At the time it suited me fine. It is clear to me though that we still need suburbs. For some at certain points in their life they need the quiet. We have too suburbs though. I think many folks could live in denser environs.

Its backwards that cities are more expensive than suburbs. Density should lower costs. High populations should lower costs. There should be both economies of scale and network effects. I think, to the writers point, we regulate the wrong things.


Cities don't have to be loud. My neighborhood in Tokyo is the one of the quietest I've ever lived in but minutes from places that are denser than literally anywhere in the United States. Not having giant streets, as well as nuisance zoning [1] pretty much solves that problem.

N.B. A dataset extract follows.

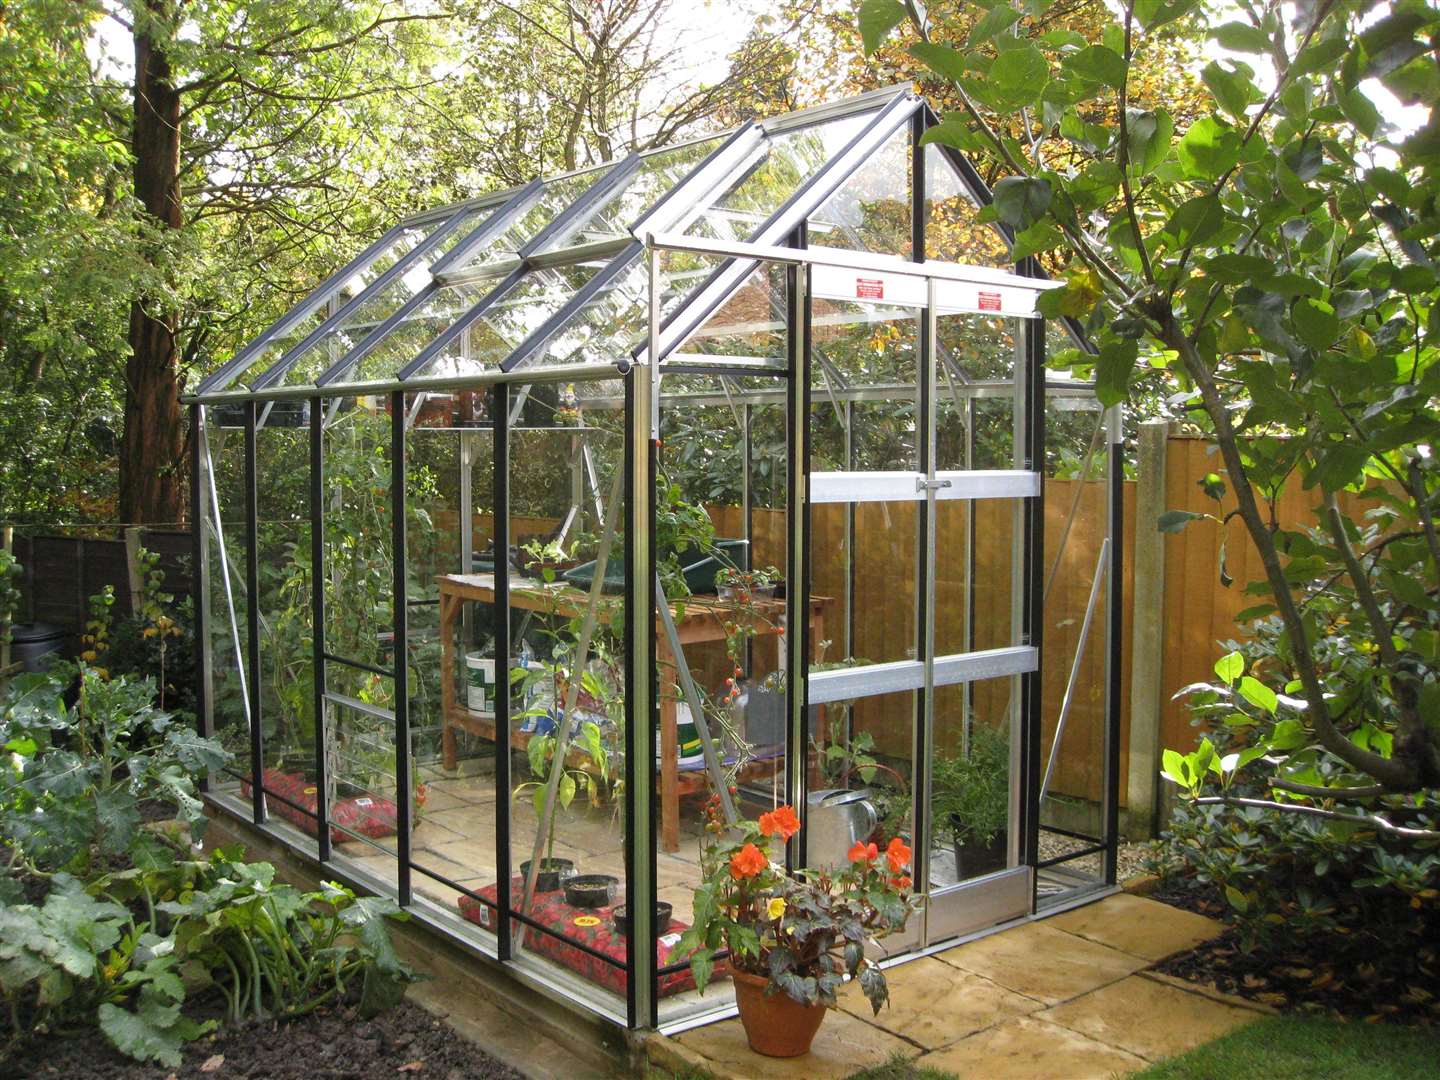 Greenhouses and sheds can be dangerous heat-traps for your pet in hot weather.

[1] http://urbankchoze.blogspot.com/2014/04/japanese-zoning.html


But then in suburbs your boomer neighbor will be riding his gasoline lawnmower outside your window at 7 am on a Saturday. Or he'll be paying his gardener to push leaves into his neighbor's lawn with a leaf-blower (a device that ought to be banned by law) instead of using a fucking rake.


>spectacularly annoying to be woken up early in the morning

If by early you mean "slightly before the start of bushiness hours".

Nobody is waking up at 6am to turn wrenches at 7. Yeah, I guess if they start up at 7-8am that puts a damper on your ability to sleep in until 9 on weekdays but is that really something you find yourself wanting to do all that often? An automotive shop sounds a heck of a lot better than any establishment that is open late. I say this as someone who lives baseball throwing distance from a small business that maintains a fleet of excavators and trucks. If you live in a relatively developed area something is going to be making noise, garbage trucks, delivery trucks, nearby construction, etc.


Most shops I know open at 7:30, which seems reasonable on a Wednesday, but super obnoxious Saturday morning if they start work before their official opening.


It may surprise you to learn that not everyone works a 9-5 office job.